Das Haben des Sohnes und das Haben des ewigen Lebens kann ich doch nur
als Teilhaben an Gott und seinem Sohn verstehen. Und ewiges Leben ist dann
solches Leben, das teilhat und teilnimmt an allem, was zum Leben dazu
gehört. Ein Leben, das nicht am Tod vorbei geht, das den Tod nicht leugnet
oder verdrängt, sondern ihn ins Leben integriert – trotz Angst und Schmerz –
und genau dadurch den Tod überwindet. Ewiges Leben bedeutet dann, dass
der Tod das Leben nicht aufhebt, sondern dass das Leben und nicht der Tod
das letzte Wort hat.
Also nehme ich doch in meinen Weihnachtsschuhkarton dies alles mit hinein –
Gott, den Sohn und das Leben:
Das neugeborene Kind und das Strahlen und die Kraft, die von ihm ausgeht.

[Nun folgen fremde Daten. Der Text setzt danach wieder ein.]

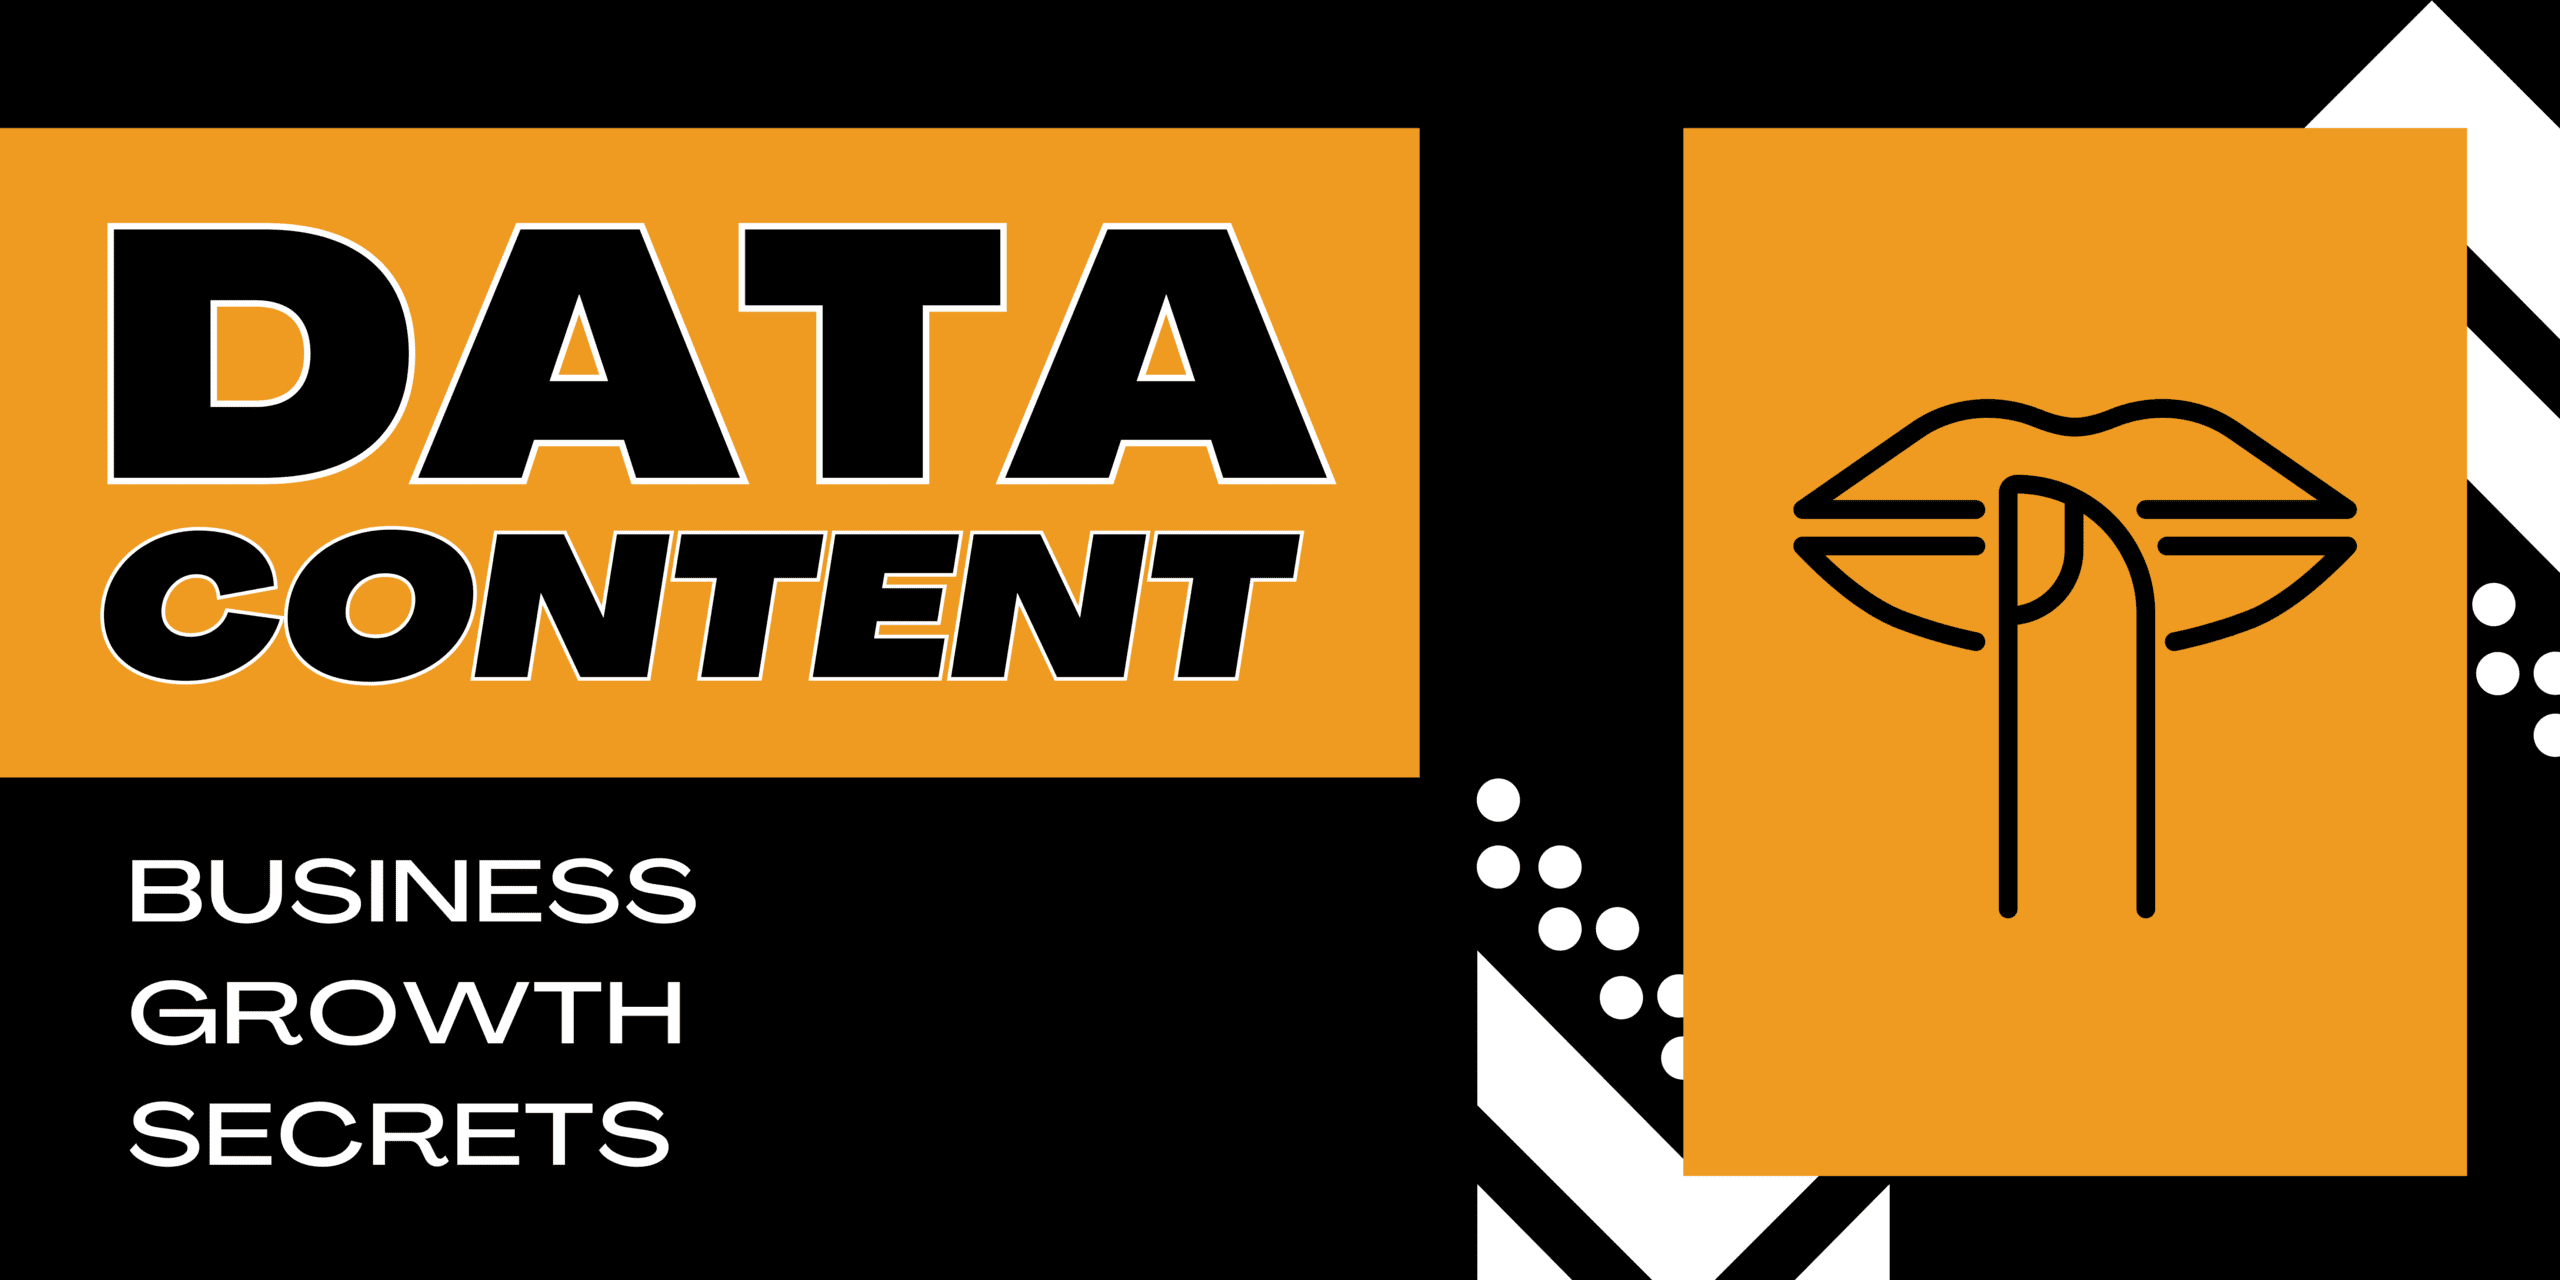 What is data content and how can you use it to grow your data business?

Und den widerständigen Teenager, der seinen ganz eigenen Weg geht, einen
Weg des Friedens und der Nächstenliebe. Einen Weg, der ihn ans Kreuz und in
den Tod bringt.
Und den Mann, der, weil er den Tod nicht ausgeblendet, sondern
angenommen hat, diesen überwunden hat und der in jedem Menschen das
Antlitz Gottes sieht – auch in mir und auch in dir!
Und der mich immer wieder stärkt, Tag für Tag, zu versuchen, den Menschen
ebenso zu begegnen wie er es tat.
Und sein Friede, der Friede Gottes, der höher ist als alle Vernunft, bewahre
unsere Herzen und Sinne in Christus Jesus. Amen.